Learning Today has to be Individualised Learning

One of the most typical characteristics of our time is the pluralisation of ways of living and the individualisation that is connected to it. Today, children grow up in completely different familiar and social ways of living. A great heterogeneity of their developmental and learning pre-conditions is the inescapable consequence. For German children, this phenomenon of heterogeneity is reinforced through the many children of a different cultural origin that attend our nursery schools and schools today. Furthermore, one tries to an increasing degree to integrate disabled children into mainstream institutions and to let them participate in the common learning and educational process. The fact that this is a further contribution to the reinforcement of a heterogeneous educational and learning situation is evident.

 

How can this development be assessed? How can one support it educationally and didactically? At first, one has to free oneself from an opinion that is still widely held: Many are of the opinion that the homogeneity of a group is didactically and educationally desirable. Then, they argue, learning and educational processes can be organised more easily and successfully. If all children have basically the same pre-conditions, they say, education and teaching can specifically refer to these pre-conditions and thus be organised effectively.
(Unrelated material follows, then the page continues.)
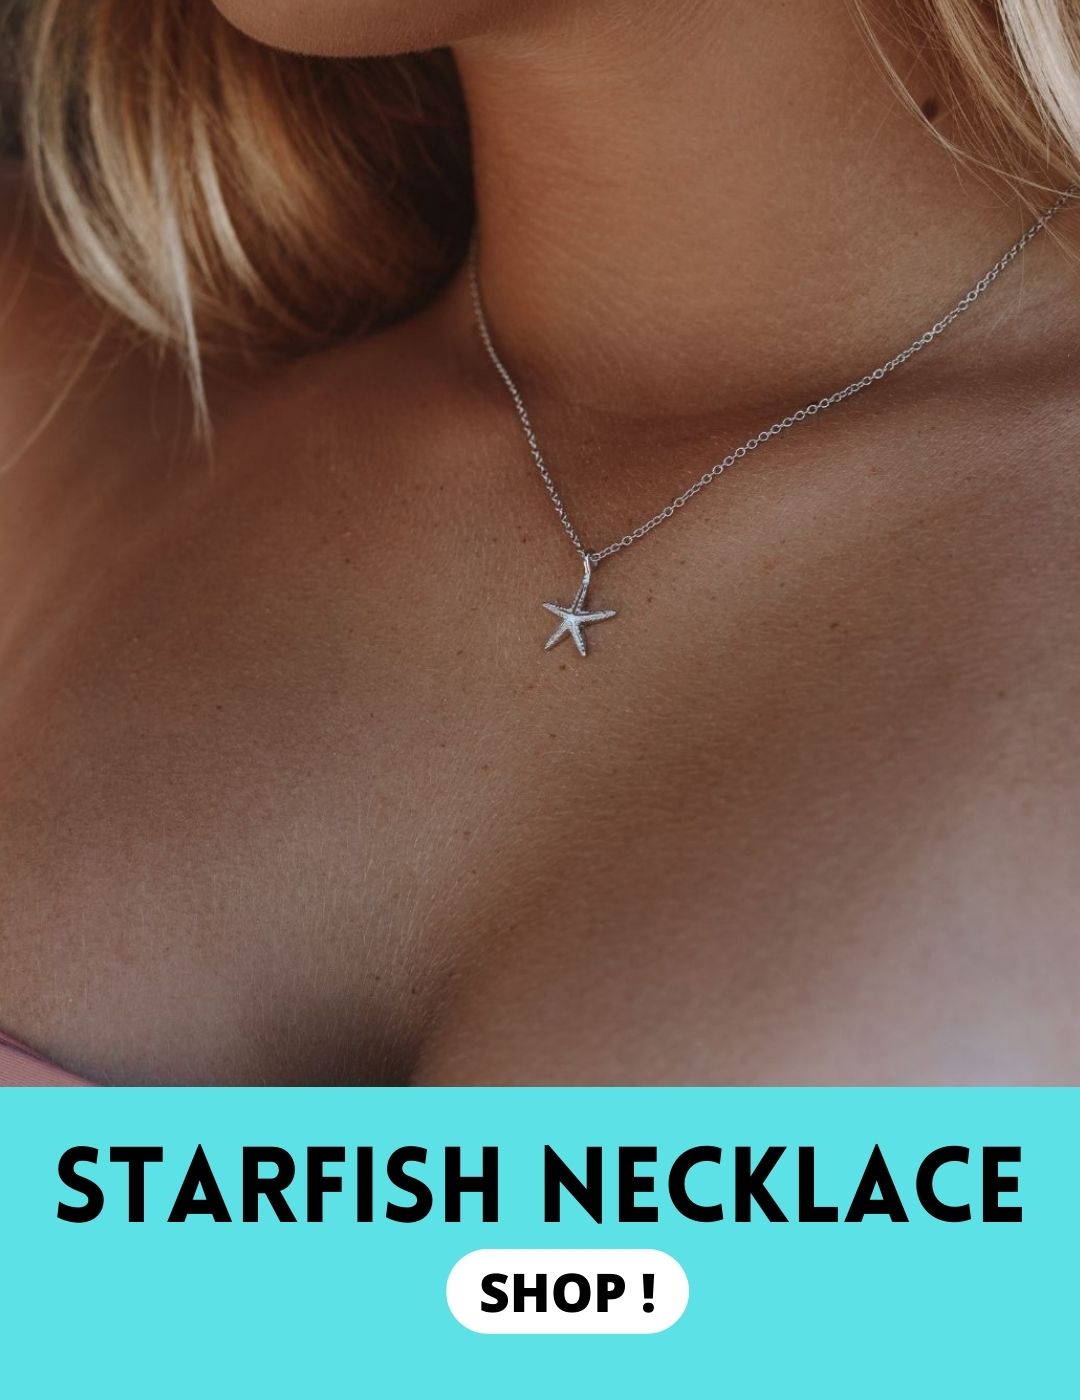 Interesting meaning and symbolism of a starfish

This, however, is only true on the assumption that teaching has to be structured in a way that all children learn the same at the same time. Yet, in reality, education is in itself an individual process that teachers and educationalists cannot devote themselves to appropriately if everybody marches in step.

 

Maria Montessori and other New Educationalists worked on the assumption that heterogeneity, i.e. diversity, of a group is educationally and didactically more valuable than homogeneity, i.e. similarity. They have thus tried not to reduce this heterogeneity but to reinforce it and, at the same time, to use its educational potential. That is why Maria Montessori realised the principle of mixed age groups that today under the name of “family grouping” meets with great approval in the Anglo-Saxon area as well. In nursery schools, we are already familiar with it. However, Montessori intended it to be realised in schools, too. Of course this requires other forms of teaching than the one that is directly controlled by the teacher and that most of us know from their own experience at school. For this purpose, Maria Montessori developed the form of “free work”. (Cf. Harald Ludwig, “Montessori-Freiarbeit mit Ausländerkindern konkret”, in: Sachunterricht und Mathematik in der Primarstufe 14 (1986) 385-392; id., “Freiarbeit im Grundschulunterricht”, in: Montessori — Zeitschrift für Montessori-Pädagogik 31 (1993) 4-23.)

 

Free work according to Montessori can be described as a form of teaching in which the pupil can choose the object he wants to deal with from a highly sophisticated didactic equipment and can also decide himself on the learning goals, the social form as well as the length of time he wants to spend on working with a particular object within the framework of certain pre-conditions that are given by the teacher. During his work, the pupil is allowed to move freely in the class room and get in touch with his fellow pupils, for example in order to help them or ask for help himself, as long as the other pupils’ work is not disturbed by this freedom of movement. Connected with the choice of a certain work is the obligation to finish it if possible. The success of the work is controlled either by the teaching material itself (i.e. through self-correcting =“mistake control”) or by fellow pupils and the teacher.

 

In its authentic form, free work according to Montessori makes it possible for pupils to acquire knowledge or carry out exercises in a wide variety of subjects within a “prepared environment” that is structured in a highly sophisticated way. For this purpose, Montessori developed a wide range of didactic material and tested it empirically. Taking into account basic principles of the Italian educationalist, Montessori educationalists have always been completing and expanding this material. Montessori herself was concerned with extending and refining her collection of teaching material all her life. In Montessori primary schools, free work comprises up to fifteen lessons per week. Individual free work phases last frequently up to two and a half hours. Free work is often set early in the morning within the framework of a flexible beginning.

 

In free work, the child learns through self-organisation. With his individual learning abilities and methods as well as his special interests the child can, to a great degree, actively play a part in the learning process. What is important is that each child is allowed to progress in his own rate of work and rhythm of learning. In contrast to a way of class teaching that is controlled by the teacher and that suits an imaginary average pupil, in free work the child is not asked too much or too little of. The need for revision that children, in particular younger or less talented ones, have is taken into account as well, for the child itself decides on how long he deals with a certain object or topic. Thus, he can dwell on a certain object in his own time. The meditative element of the educational process, which is largely neglected today, plays an important role for Montessori. In her educational theory, the poles of activity and contemplation form a tense synthesis.

 

Another effect of free work in contrast to class teaching is that the teacher has more time to give pupils individual help. He has more scope to devote himself to those children who are particularly dependent on his help; in contrast to class teaching this does not mean that the more talented pupils’ progress is inadequately obstructed. The greater possibilities to observe the children allow the teacher to offer such help more specifically. Finally, the teacher has the opportunity to establish more personal relationships with the individual children, which seems to be indispensable for all educational work.